Top of AVAILABLE DATA

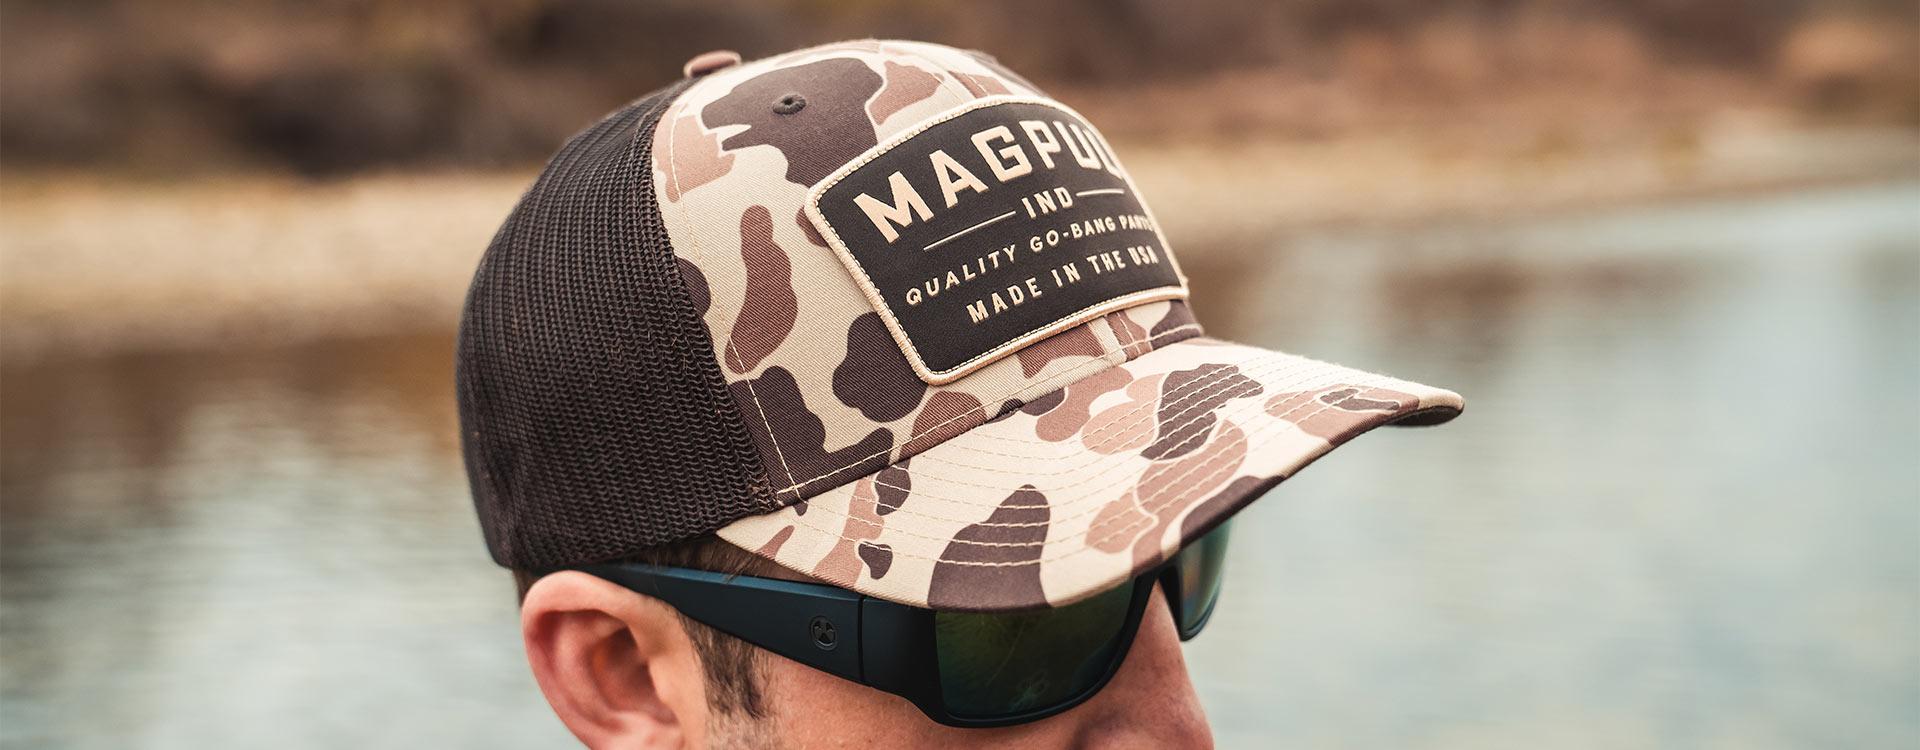 Magpul Go Bang Trucker in Raider Camo on man wearing Magpul Eyewear outdoors near lake
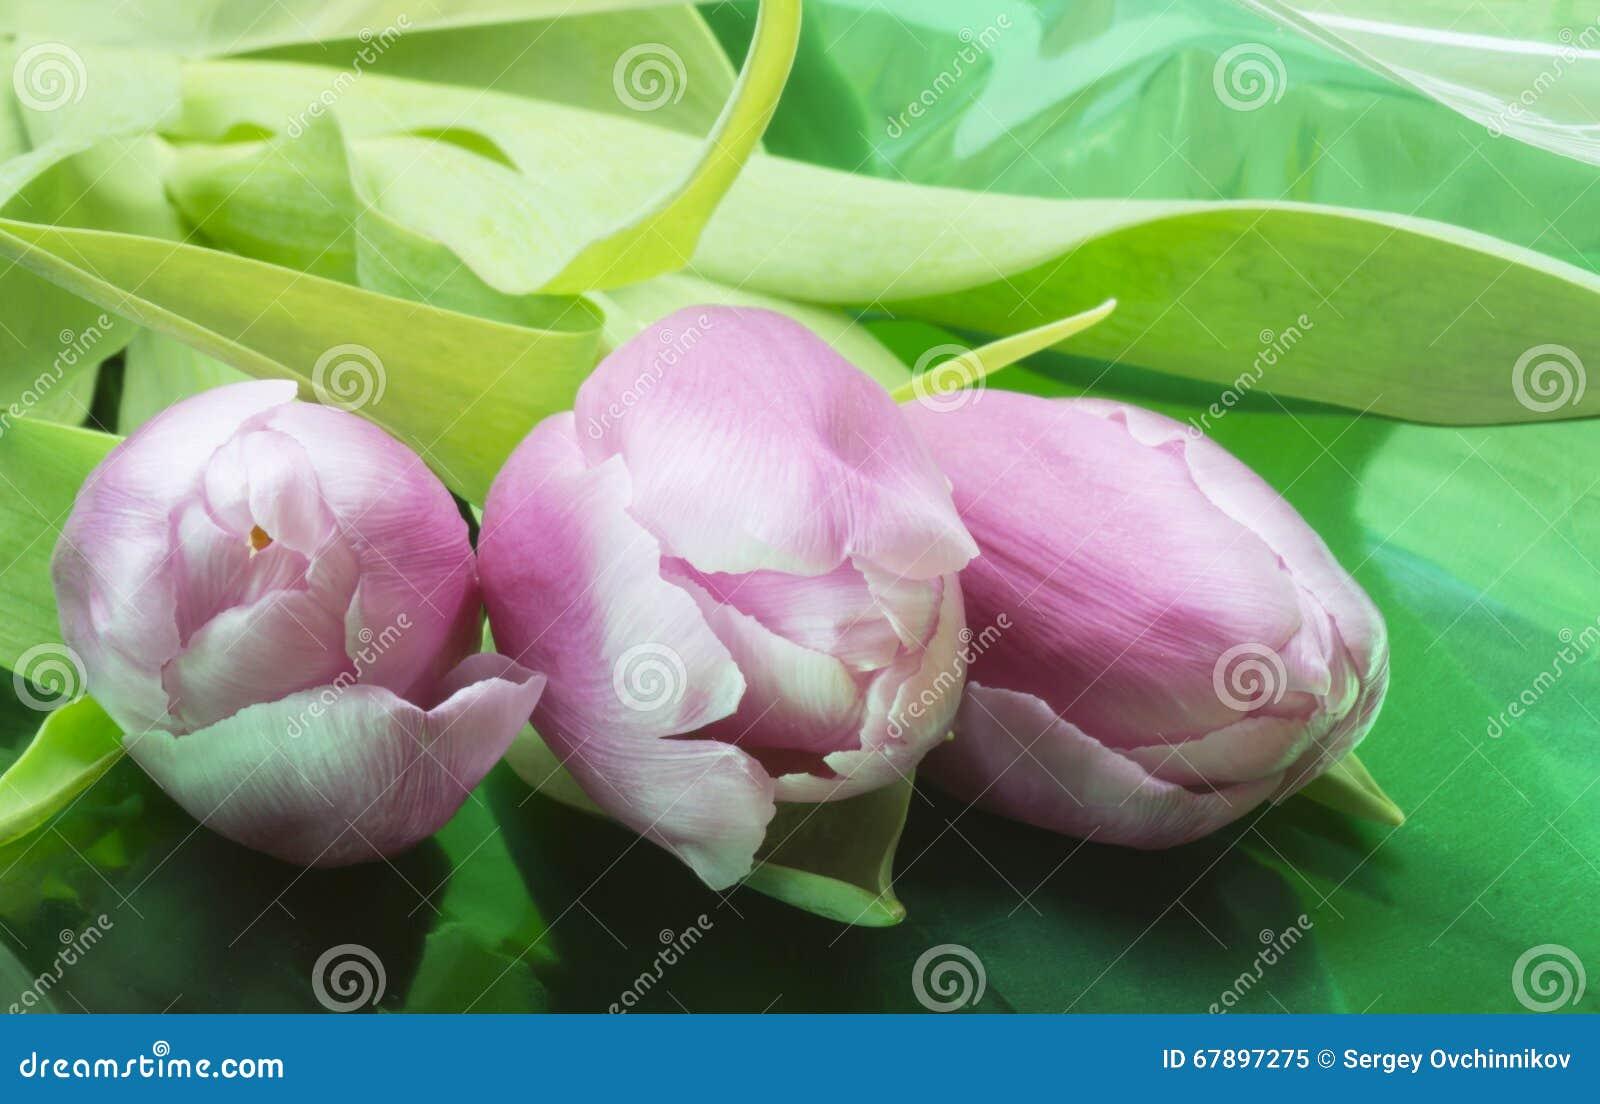 Ramalhete da tulipa vermelha e branca
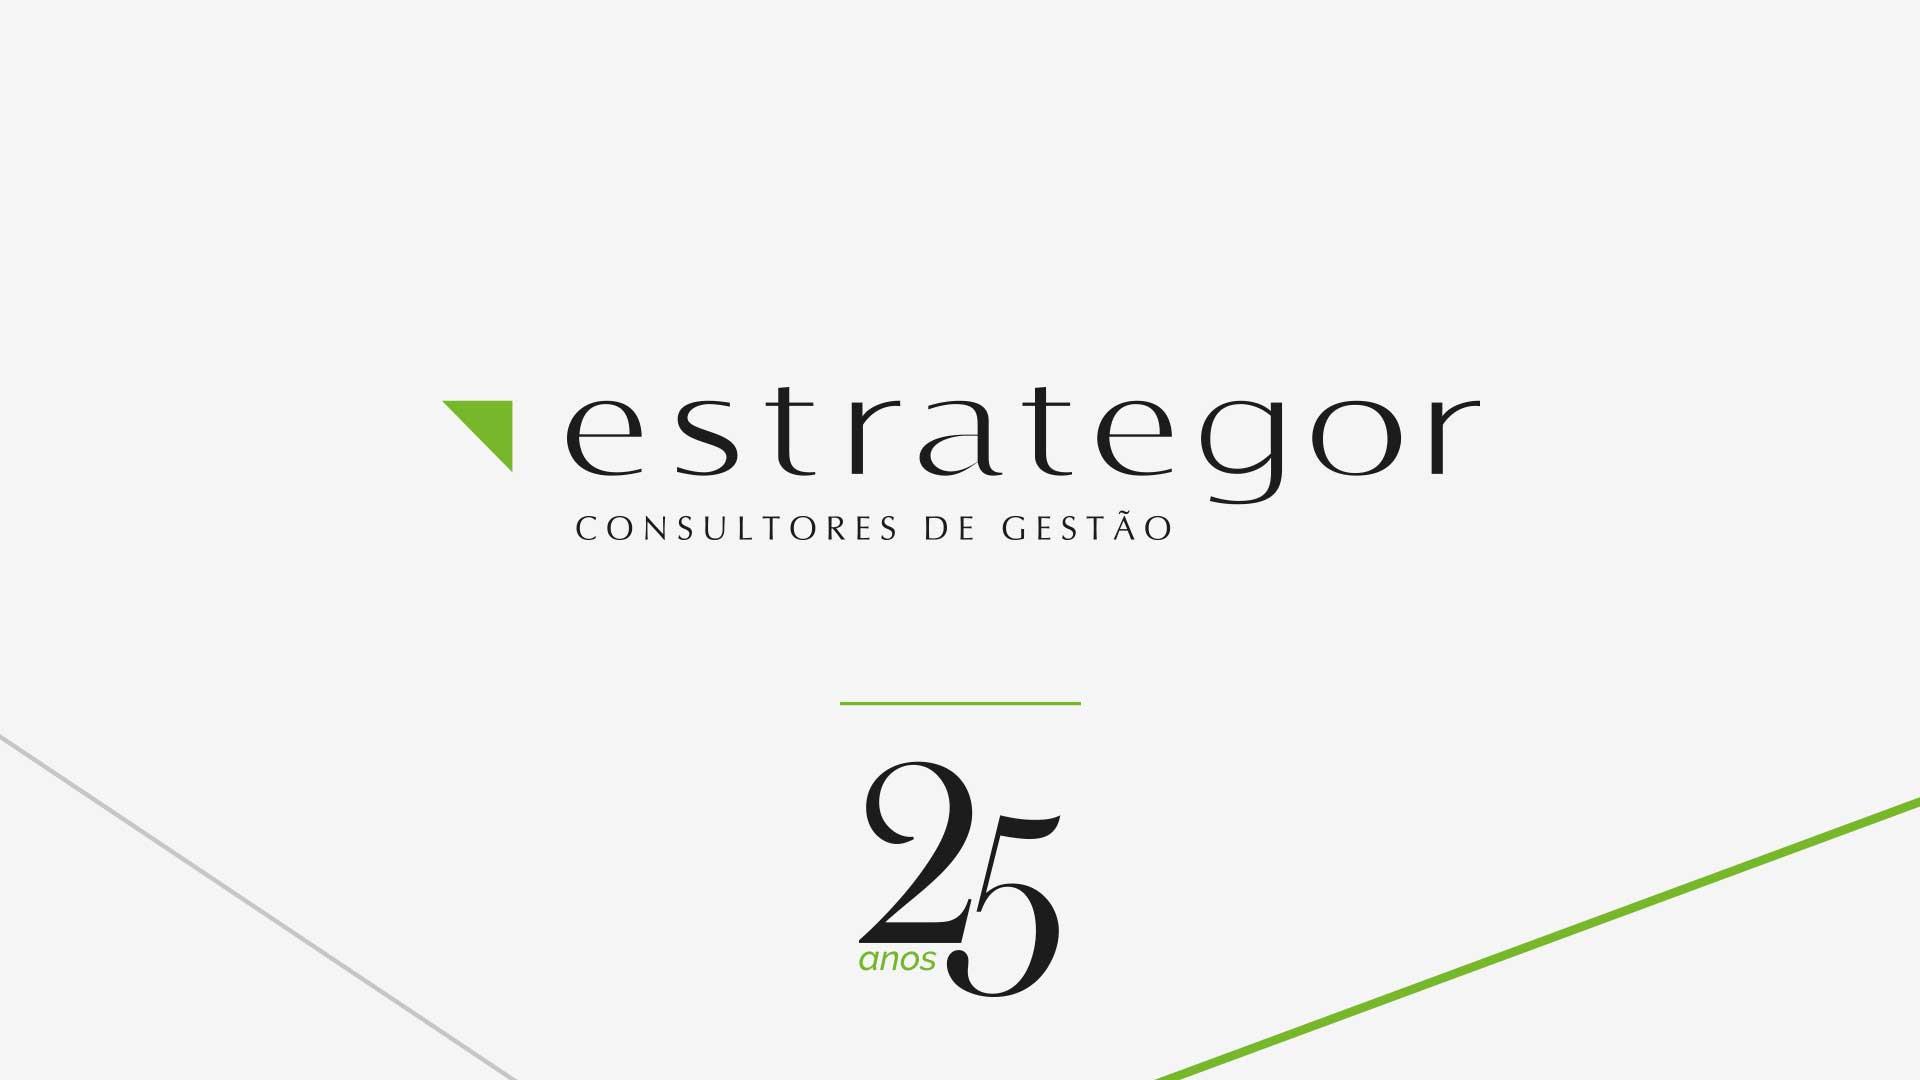 25 Anos Estrategor

Bottom of AVAILABLE DATA

WHAT YOU SHOULD DO
The lines from the one containing "Ramalhete da tulipa vermelha e branca" to the end of the material must be output exactly, both ends included; no picture may appear.

TASK RESULT
 Ramalhete da tulipa vermelha e branca
 25 Anos Estrategor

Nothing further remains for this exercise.